We maintain “disclosure controls and procedures,” as such term is defined in Rule 13a-15(e) under the Securities Exchange Act of 1934 (the “Exchange Act”), that are designed to ensure that information required to be disclosed by us in reports that we file or submit under the Exchange Act is recorded, processed, summarized, and reported within the time periods specified in Securities and Exchange Commission rules and forms, and that such information is accumulated and communicated to our management, including our Chief Executive Officer and Chief Financial Officer, as appropriate, to allow timely decisions regarding required disclosure. In designing and evaluating our disclosure controls and procedures, management recognized that disclosure controls and procedures, no matter how well conceived and operated, can provide only reasonable, not absolute, assurance that the objectives of the disclosure controls and procedures are met. Our disclosure controls and procedures have been designed to meet reasonable assurance standards. Additionally, in designing disclosure controls and procedures, our management necessarily was required to apply its judgment in evaluating the cost-benefit relationship of possible disclosure controls and procedures. The design of any disclosure controls and procedures also is based in part upon certain assumptions about the likelihood of future events, and there can be no assurance that any design will succeed in achieving its stated goals under all potential future conditions.

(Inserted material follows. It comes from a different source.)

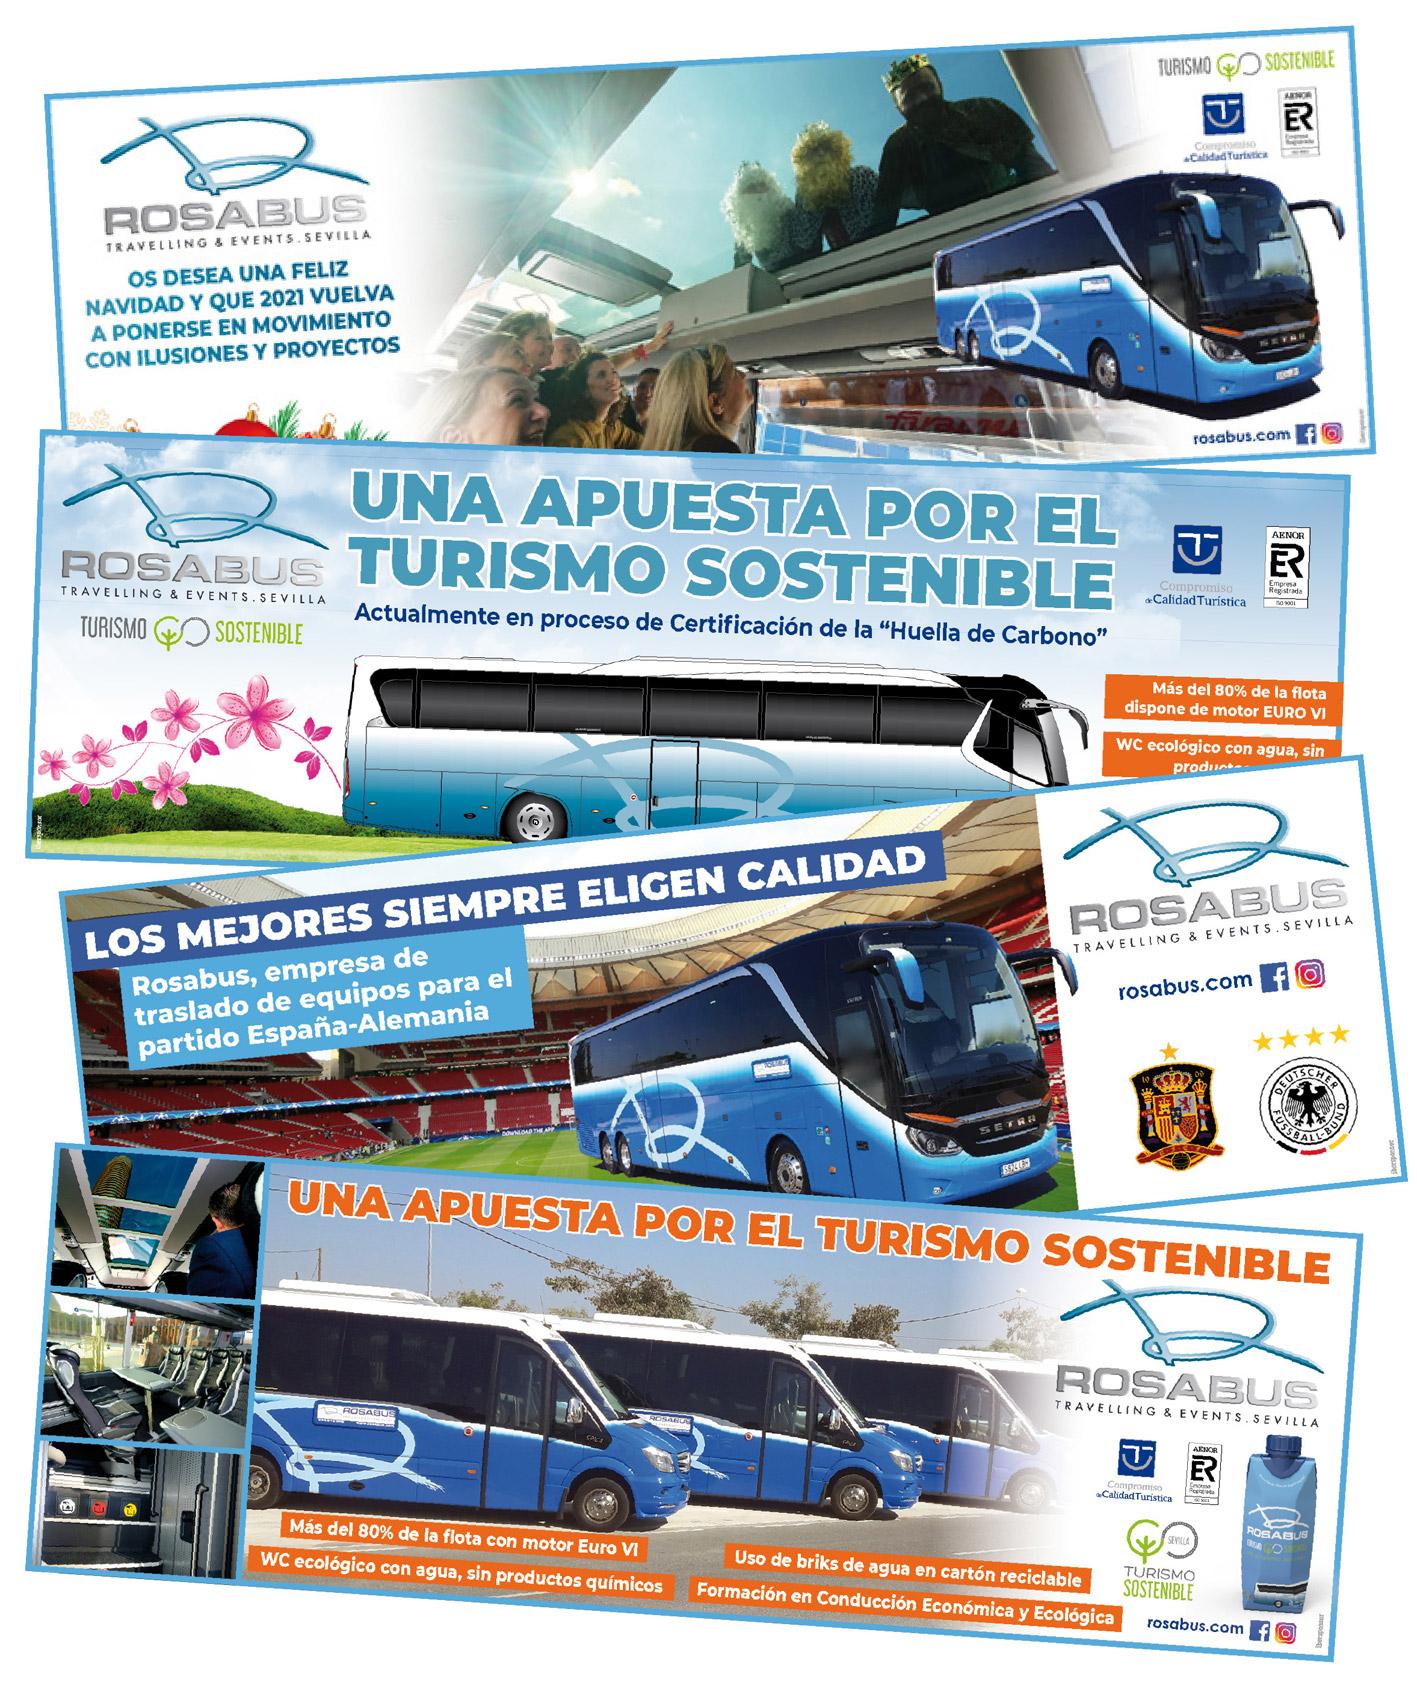 Campaña de publicidad en ABC de Sevilla

Based on their evaluation as of the end of the period covered by this Quarterly Report on Form 10-Q, our Chief Executive Officer and Chief Financial Officer concluded that, as of such date, our disclosure controls and procedures were effective at the reasonable assurance level.
Changes in internal control over financial reporting
. There were no changes in our internal control over financial reporting (as defined in Rules 13a-15(f) and 15d-15(f) under the Exchange Act) for the six months ended June 30, 2017, that materially affected or are reasonably likely to materially affect our internal control over financial reporting.